I only have one. I use the Pollington Red Dot Sight. I love it!


----------



## Moose57 (Sep 7, 2009)

I have 6 pins, set for 10,20,30,40,50,60. No shots at deer over 30 yards. BUT... ''varmints'' beware from 10 to 60.


----------



## jimposten (Sep 28, 2008)

Running three right now (20-40-60) Im a gapper.

I am set for out west right now, once I start hanging in the michigan deer woods I will eaither drop one, or tighten them up.

JIM


----------



## zimmzala (Oct 20, 2007)

I have 2 on my ancient PSE Fire-flite express. One at 20 and one at 30. Past that would be silly.


----------



## Downsea (Apr 12, 2005)

I have two set up, but have never used the second.

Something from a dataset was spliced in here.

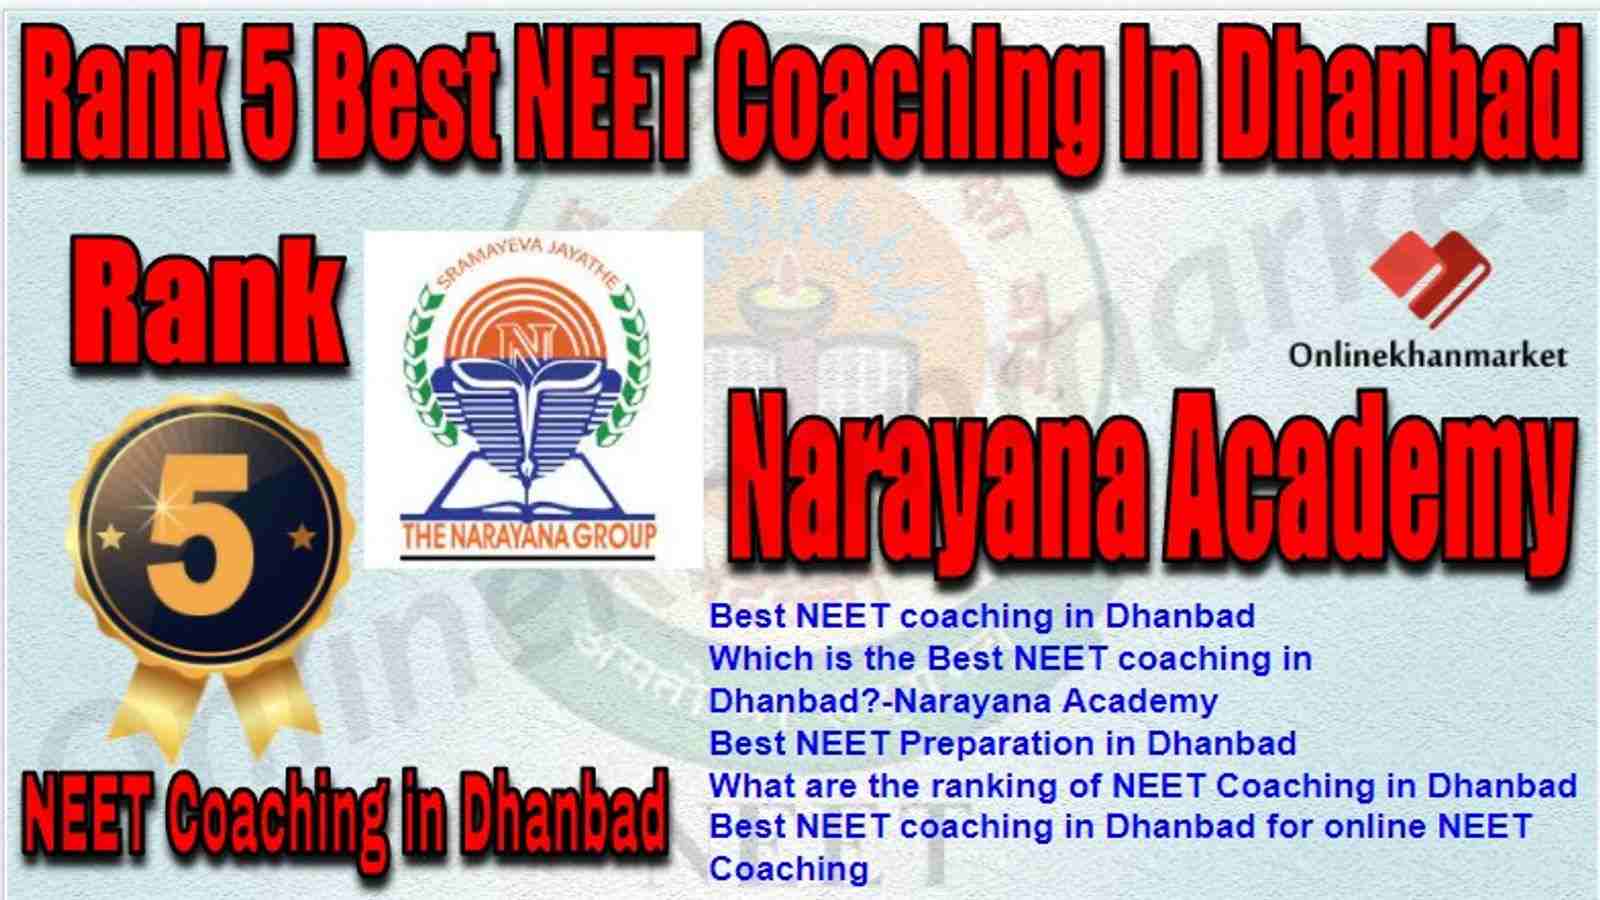 Rank 5 Best NEET Coaching dhanbad

The others are pushed down. Always inside of 25yds.


----------



## sullyxlh (Oct 28, 2004)

> I have 2 on my ancient PSE Fire-flite express. One at 20 and one at 30. Past that would be silly.


Your right shooting anything outta that bow past 30 is silly...

6 pins
20-70
10yrd increments
And I'm proficient at all of em.


----------



## mmac1318 (Feb 5, 2007)

I am shooting 6 pins,20,30,40,50,60,70 yards. I only practice out to 70 yds out West elk hunting I will shoot 60 yards in the right situation but limit myself to 40 yards for whitetail.


----------



## brushbuster (Nov 9, 2009)

I shot one pin for years and years. This year i got a z7 and put 4 pins on it for practice. I just took 2 pins off and now shoot ...top pin 0-30 yards with no over or under compensation. 2nd pin is good from 30-40 yards that pin is dead nuts at 35 yards i do have to compensate before and after 35 yards. I will probably never shoot with that pin on animals this year.


----------



## Joe Archer (Mar 29, 2000)

Joe Archer said:


> I have *pins set up for 10, 20, 30, and 40 yards* that I use for target practice. All my hunting shots are 20 yards or less.
> <----<<<


I just went from 28 inch Easton 2216's to 26 inch 2215's. I didn't have to do any rest adjustments as it still was perfectly paper tuned. I thought about changing my pins to compensate for the faster arrow but decided to keep them as they are. Without changing anything they are now 15, 25, 35, and 45 yards. 
<----<<<


----------